闇に慣れてきた瞳が、細部までを余さず視界に捉える。


「所々罅割れている……」


真新しさはない。それは、僕が踏みしめている床も同様だった。


建築様式に関する知識はないので断定はできないが、通路の幅や壁と床の経年劣化からして、大規模且つ歴史ある建造物の中にいることが想像できる。


それほど大きく、由緒あるものだとしたら国の重要文化財に指定されていてもおかしくはない。

だが、僕の記憶の中に石組みの大きな建物で文化財に指定されているものは思い当たらない。知らないだけで、幾つかあるのかもしれないがそれでもここまで大きいものはないだろう。


何しろ、通路の幅約5メートルに先の見えない大廊下。天井に至っては目視するのが困難なほどだ。歴史ある建物は城の形をとっていることが多いが、それすら怪しい。

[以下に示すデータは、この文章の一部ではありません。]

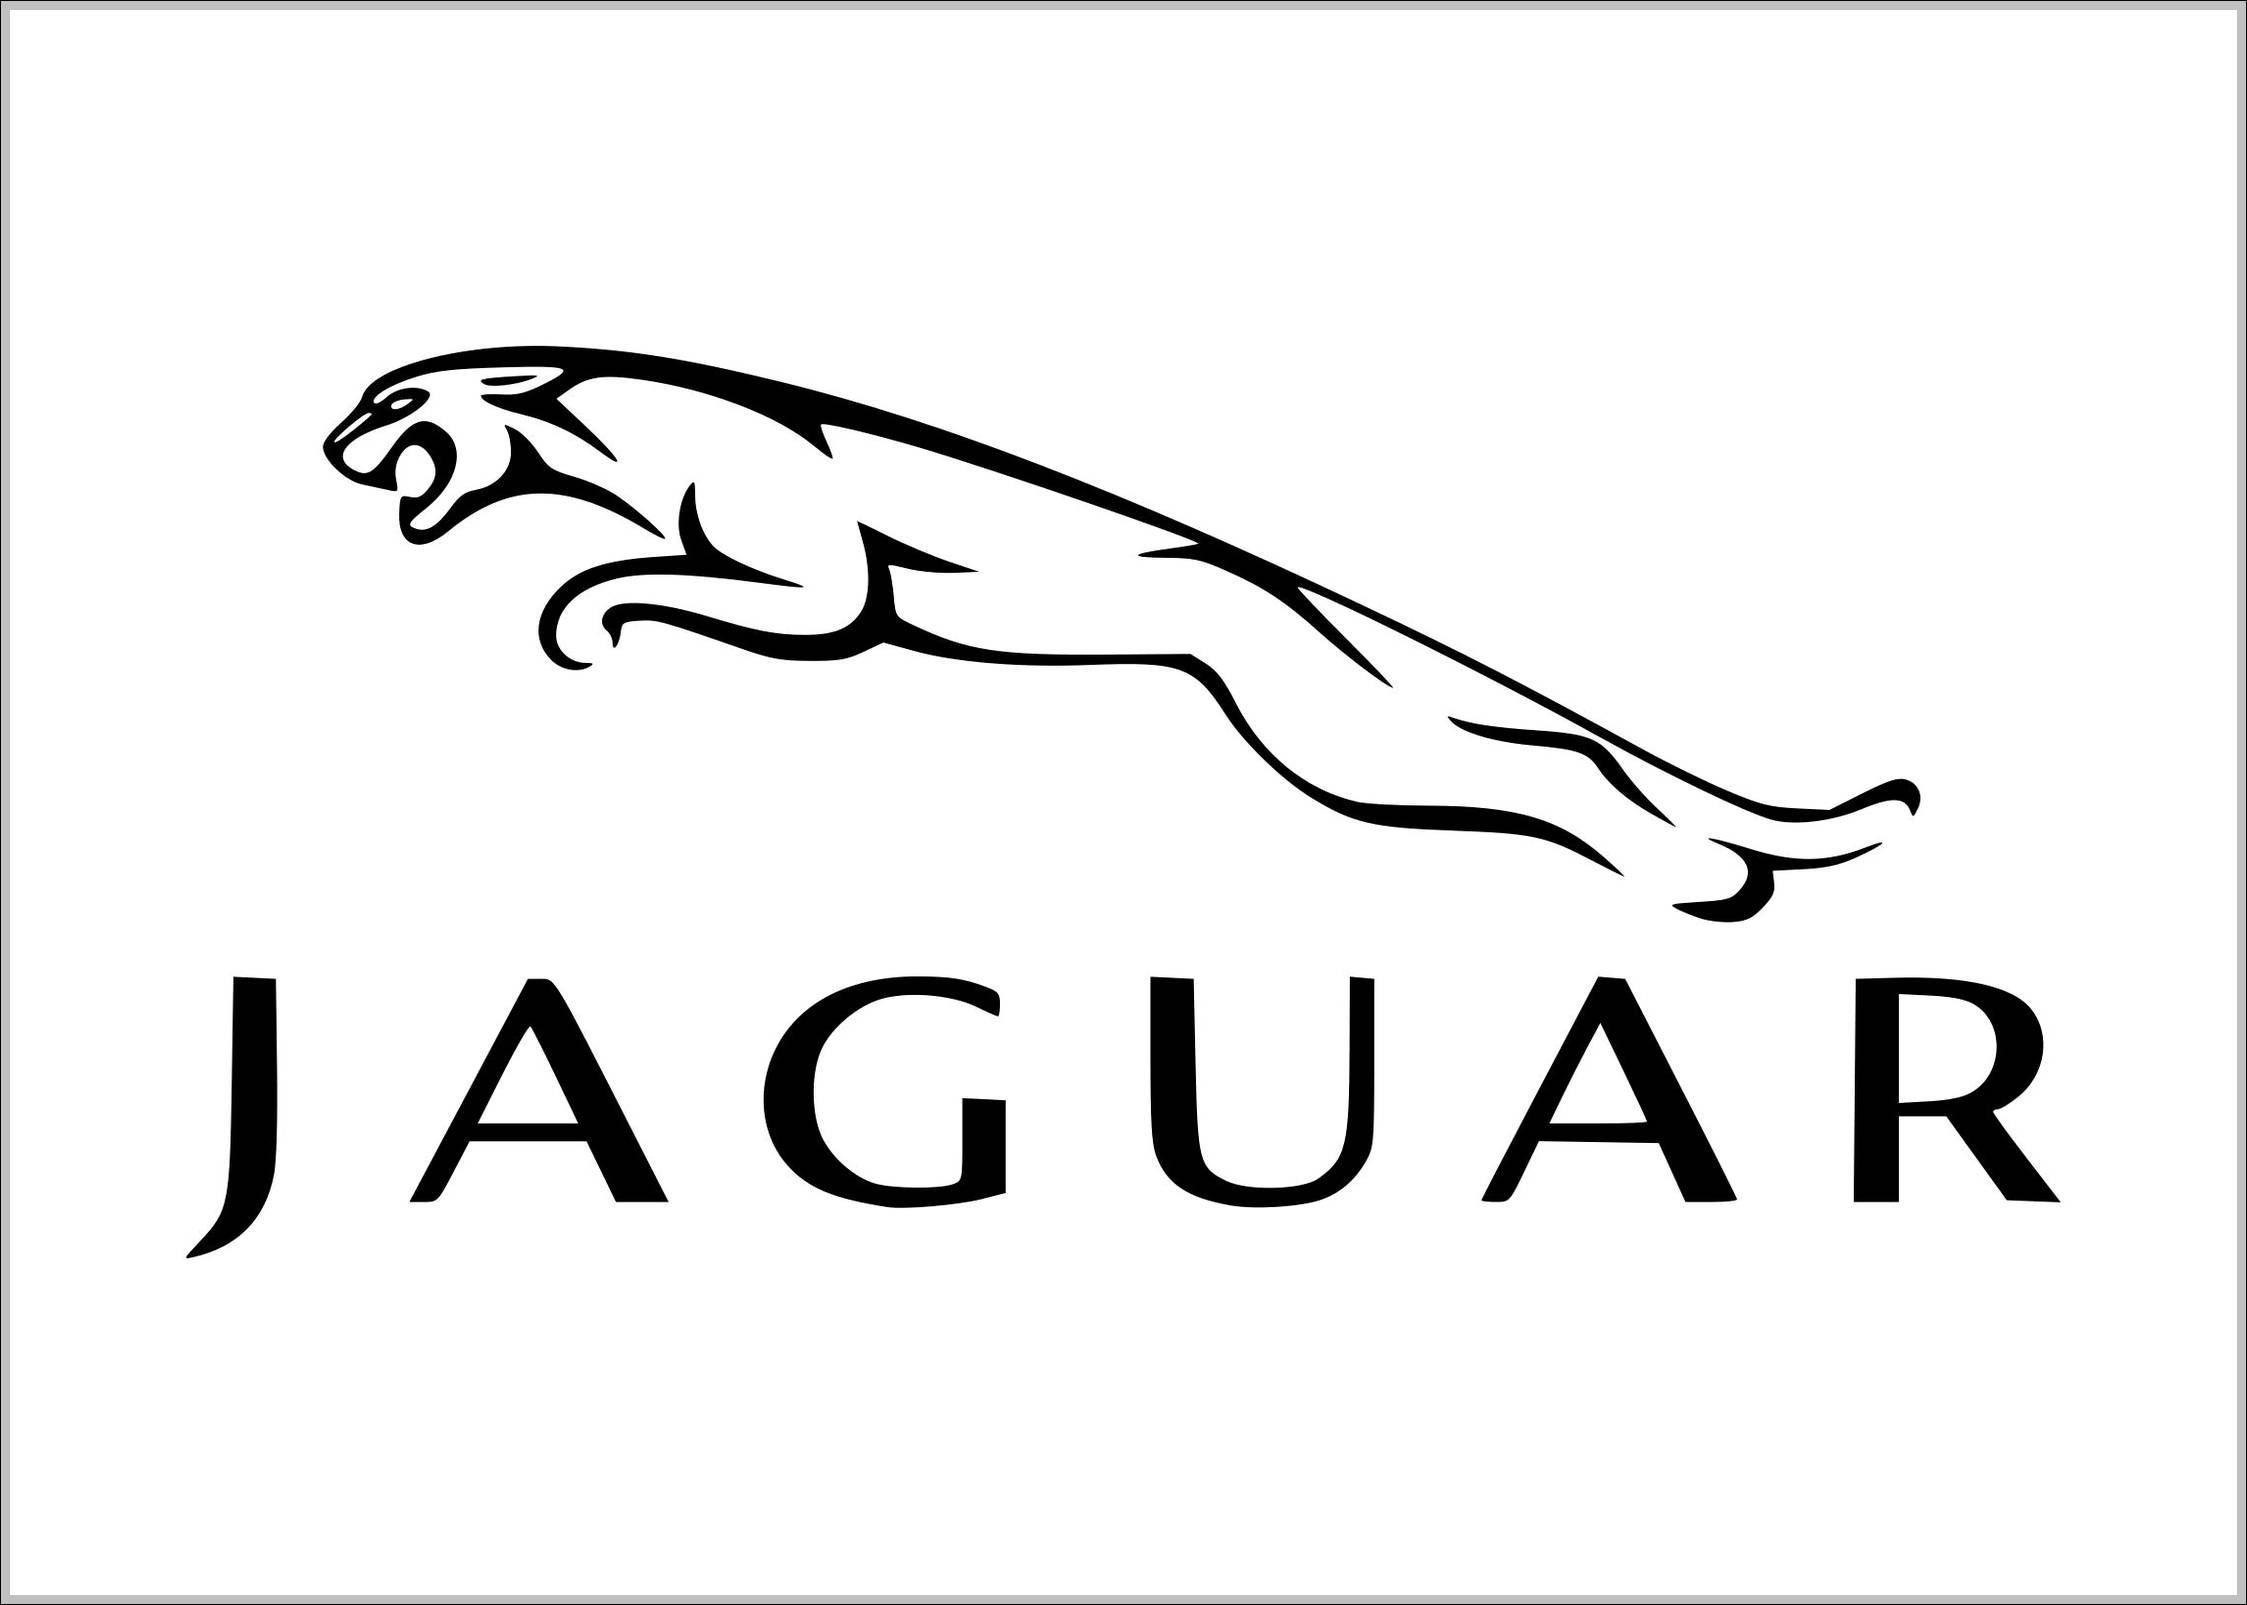 Jaguar logo old outline

少なくとも、ここは日本ではないのかもしれない。僕の記憶の中だと、現状の条件に合致する建造物はピラミッドくらいだが……連中が僕をそこに放り込む意図が見えないので、その線は限りなく薄いだろう。

まあ、まずは脱出しないことには始まらないか。


「……こっちか」


通路の先から、微かに気流を感じる。空気の流れ道があるということは、その方向に出口があるということに他ならない。

迷わないように、壁に手をついて歩き始めた。